METHODS:  Thirty-seven allograft archival samples were obtained from 18 patients (13 cardiac/5 renal transplant patients), based on a three year retrospective search of our University teaching hospitals tissue banks. RNA was extracted from the paraffin blocks and amplified by reverse-transcription-polymerase chain reaction (RT-PCR). Grade 3A and higher and non-rejection samples were tested. In addition, normal mouse liver tissue was isolated for comparison. Negative control samples were also included. Thirty-two cardiac biopsy samples were analyzed. Patient ages ranged from 15–67 years with a mean of 49.2 ± 15.1 SD. The average age of the blocks used was 2.0 years ± 1.29 SD (range from 13 days to 3.5 years in age). Renal allograft samples were also obtained for comparison, since renal biopsy tissue samples tend to be larger than endomyocardial samples.

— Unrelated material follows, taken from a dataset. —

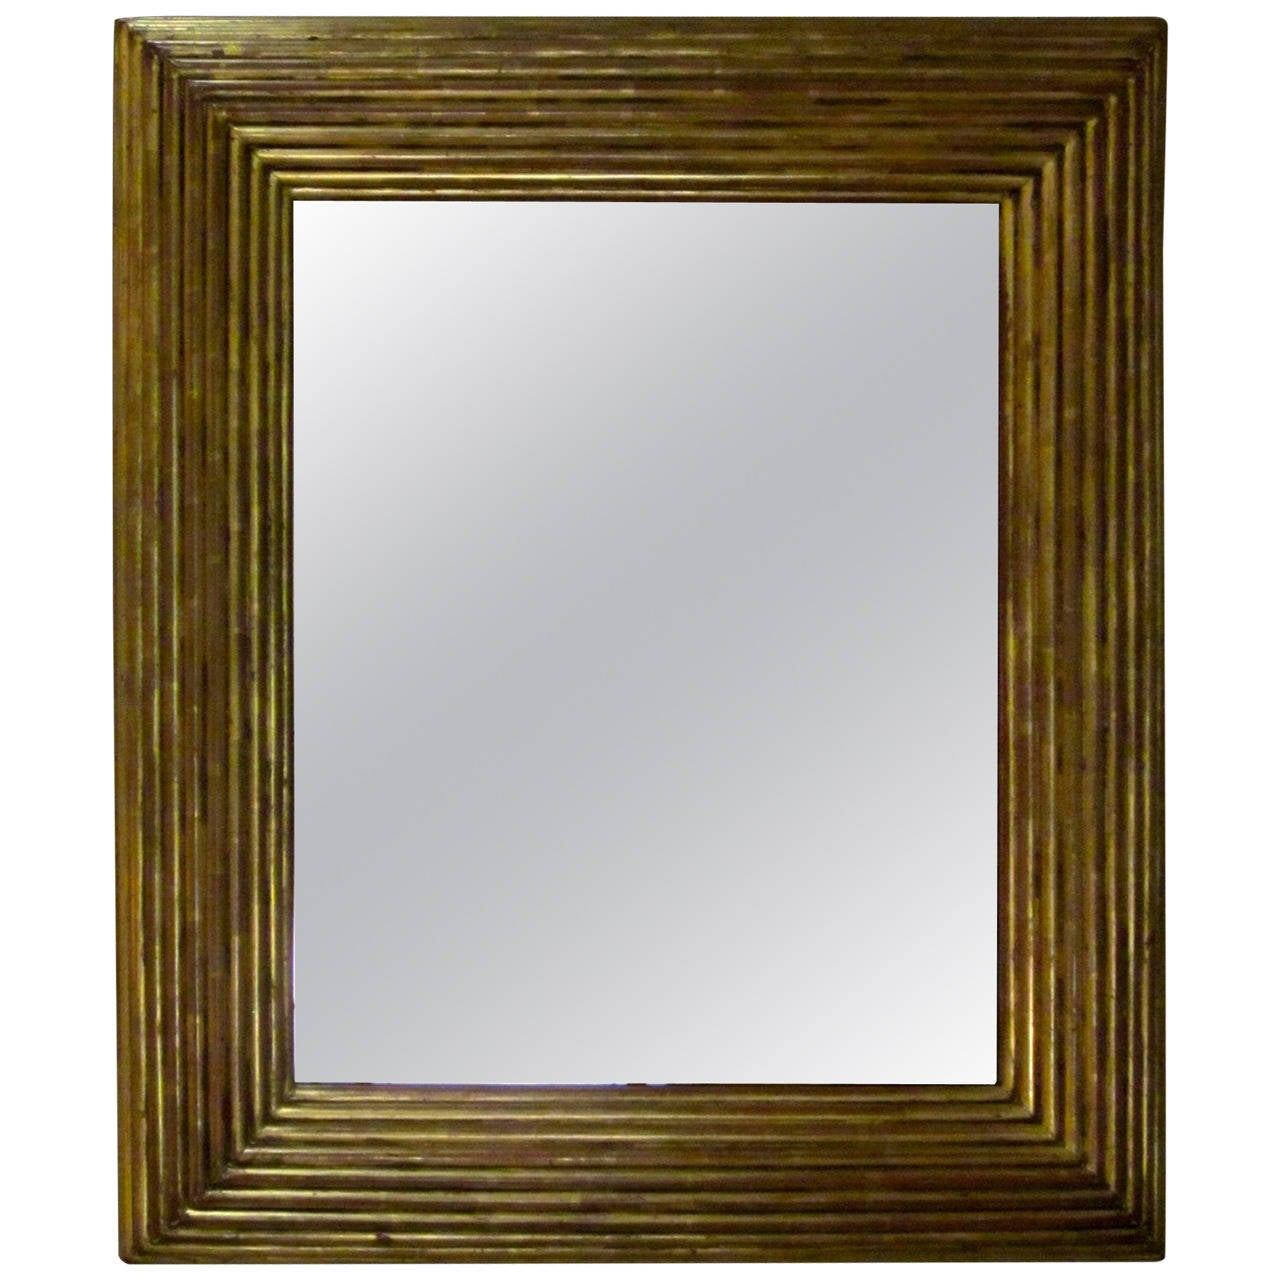 Relaxing Spanish G Gilt Ribbed Wood Frame Circa Century Spanish Mirror Selfie Mirror Lyrics Spanish Sale Spanish G Gilt Ribbed Wood Frame Circa Century houzz-02 Mirror In Spanish
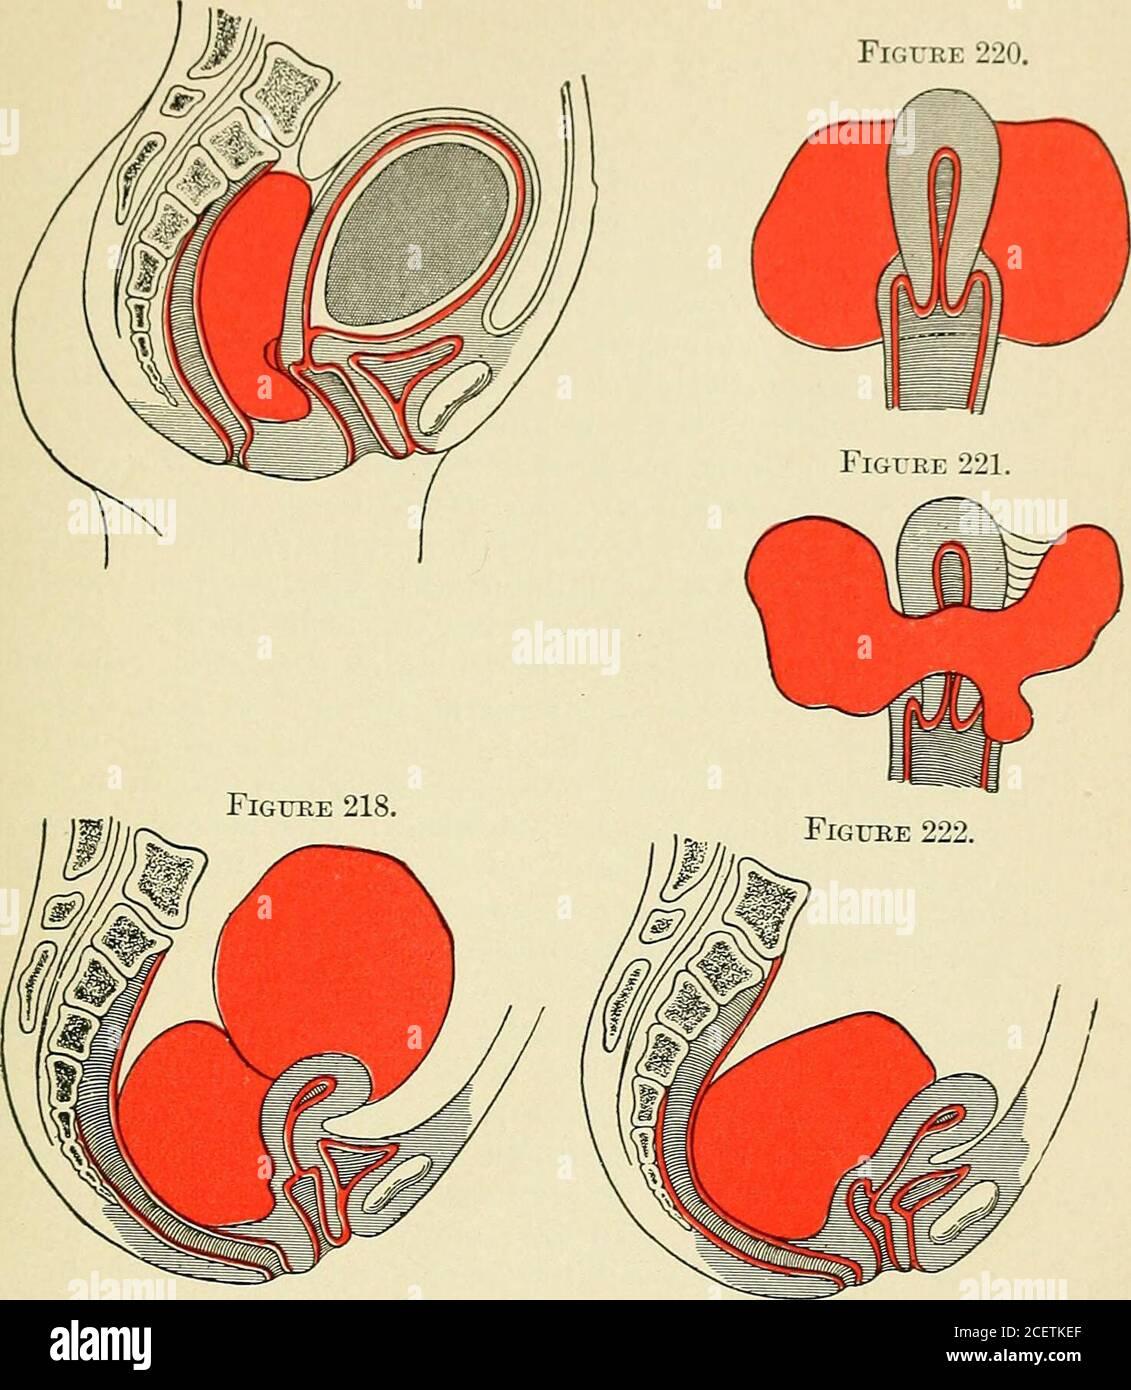 Cul-de-sac De Douglas : cul-de-sac, douglas, Principles, Practice, Gynecology, Students, Practitioners., Haematocele, Lifting, Peritoneum, Cul-de-sac, Douglas,, Extending, Broad, Ligaments., Easily

RESULTS:  Pathology slides were assigned histologic grades using the International Society for Heart and Lung Transplantation (ISHLT) 7 scale, and then compared to the original report after unblinding. All specimens had the same grade as the original pathology report. RT-PCR amplification of 18s RNA, 324 bp target sequence, revealed readily detectable bands. Our study showed a higher than expected yield from 31 samples studied, based on semi-quantitative RT-PCR analysis. Only one block, three years old, did not yield detectable RNA secondary to presumed degradation.

CONCLUSION:  We conclude that RNA from archived allograft tissue can be used for further experiments. The use of this tissue offers distinct advantages when correlating gene expression with clinical outcome and therapeutic response. Formalin-fixed, paraffin-embedded tissue represents widely available clinical material for retrospective patient studies.

CLINICAL IMPLICATIONS:  These tissues are an invaluable resource for the elucidation of rejection mechanisms, and exploration of differentially expressed genes as novel therapeutic targets or prognostic indicators.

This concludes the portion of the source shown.